Resuspenque as pelotas celulares tratadas com ionomicina e não tratadas em um mililitro do buffer de ligação 1X. Pegue 235 microliters das suspensões celulares no buffer de ligação e adicione 15 microliters de anexo-V Alexa Fluor 488 conjugado em um tubo de microcentrifuuge. Incubar as células à temperatura ambiente por 20 minutos em um lugar escuro.

Centrifugar a 700 vezes g por cinco minutos em temperatura ambiente. Remova o supernatante. Lave as células duas vezes com tampão de ligação 1X suspendendo a pelota de célula em 1,5 mililitros do buffer de ligação e centrifugando a 700 vezes g por cinco minutos à temperatura ambiente.

Remova o supernascer e resuspenja as pelotas de célula em 250 microliters de tampão de ligação 1X para medição da citometria de fluxo. Agora transfira 200 microlitres dos eritrócitos manchados de Anexo-V para um mililitro de tubos de poliestireno redondo compatível com citometria de fluxo. Faça login no software de citometria de fluxo e clique no novo botão de experimento.

Clique no novo botão do tubo. Selecione a folha global e escolha a análise de aplicação para medir a intensidade da fluorescência com um comprimento de onda de excitação de 488 nanômetros e um comprimento de onda de emissão de 530 nanômetros. Defina o número de células para 20.000 a serem coletadas para análise de triagem celular ativada por fluorescência.

Selecione o tubo desejado e clique no botão de carga. Clique no botão gravar para dispersão para frente e medição de dispersão lateral. Repita para todas as amostras.

Clique com o botão direito do mouse no botão da amostra e clique em aplicar análise em lote para gerar o arquivo de resultado. Clique com o botão direito do mouse no botão da amostra e clique em gerar arquivos FSC. Neste protocolo, o tratamento de eritrócitos com uma solução de ionomicina micromolar e ringer por duas horas foi suficiente para induzir a eryptose como evidenciado pela rotulagem bem sucedida com o conjugado Annexin-V Fluor 488 e quantificação pela análise FACS.

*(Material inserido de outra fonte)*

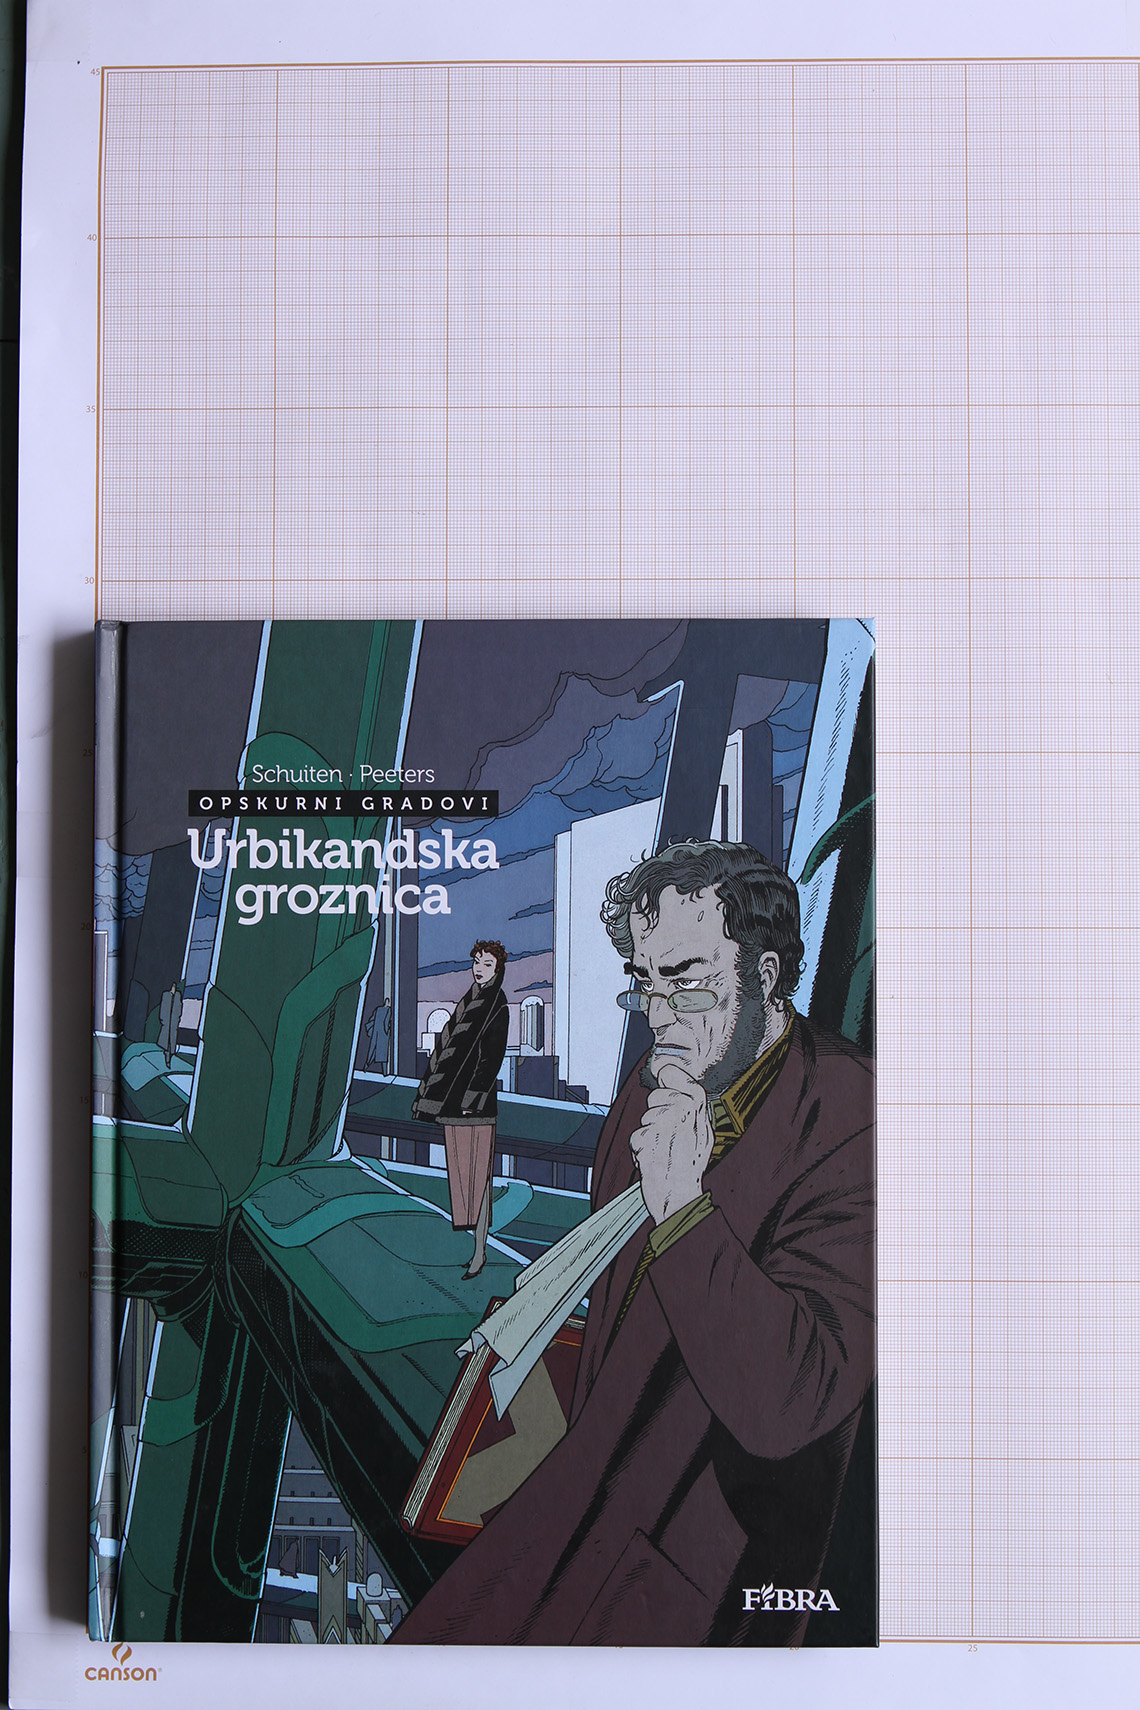 Urbikandska groznica, F.Schuiten & B.Peeters - Fibra© Maison Autrique, 2011

Concentrações mais elevadas de ionomicina aos cinco e 10 micromolar resultaram em um ligeiro aumento na eritpoose. No entanto, tais concentrações também aumentaram a hemólise. A incubação de eritrócitos na solução de ionomicina e Ringer por apenas 30 minutos foi suficiente para induzir eritbiose.

O aumento do tempo de incubação aumentou o nível de eritpoose por até duas horas. No entanto, um novo tempo de incubação resultou em uma ligeira diminuição no nível de eritpoose. O maior valor da hemólise após 180 minutos explica a redução da eryptose após a mesma quantidade de incubação que as células menos viáveis existiram após 180 minutos de tratamento com ionomicina.

Os eritrócitos com tratamento de ionomicina mostraram um sinal de fluorescência brilhante para a ligação de Anexo-V à serina fosfatita no folheto externo. Em contraste, as células sem tratamento apresentaram um sinal de fluorescência muito fraco indicando eritose muito baixa. A pré-incubação em um tampão sem glicose é um importante gatilho para a indução da eritose.

Uma vez que a eritpoose é observada em uma ampla gama de doenças, os experimentos que seguem este protocolo são específicos de campo. Em nosso laboratório, estamos interessados em examinar os efeitos da eritpoose nas propriedades biofísicas da membrana e interações de membrana com nanomateriais. A eritose está associada a um grande número de doenças, incluindo diabetes, anemia falciforme e talassemia.

Ter um protocolo reprodutível para induzir a eritose pode ajudar pesquisadores em qualquer um desses campos a investigar mais questões científicas específicas para cada campo.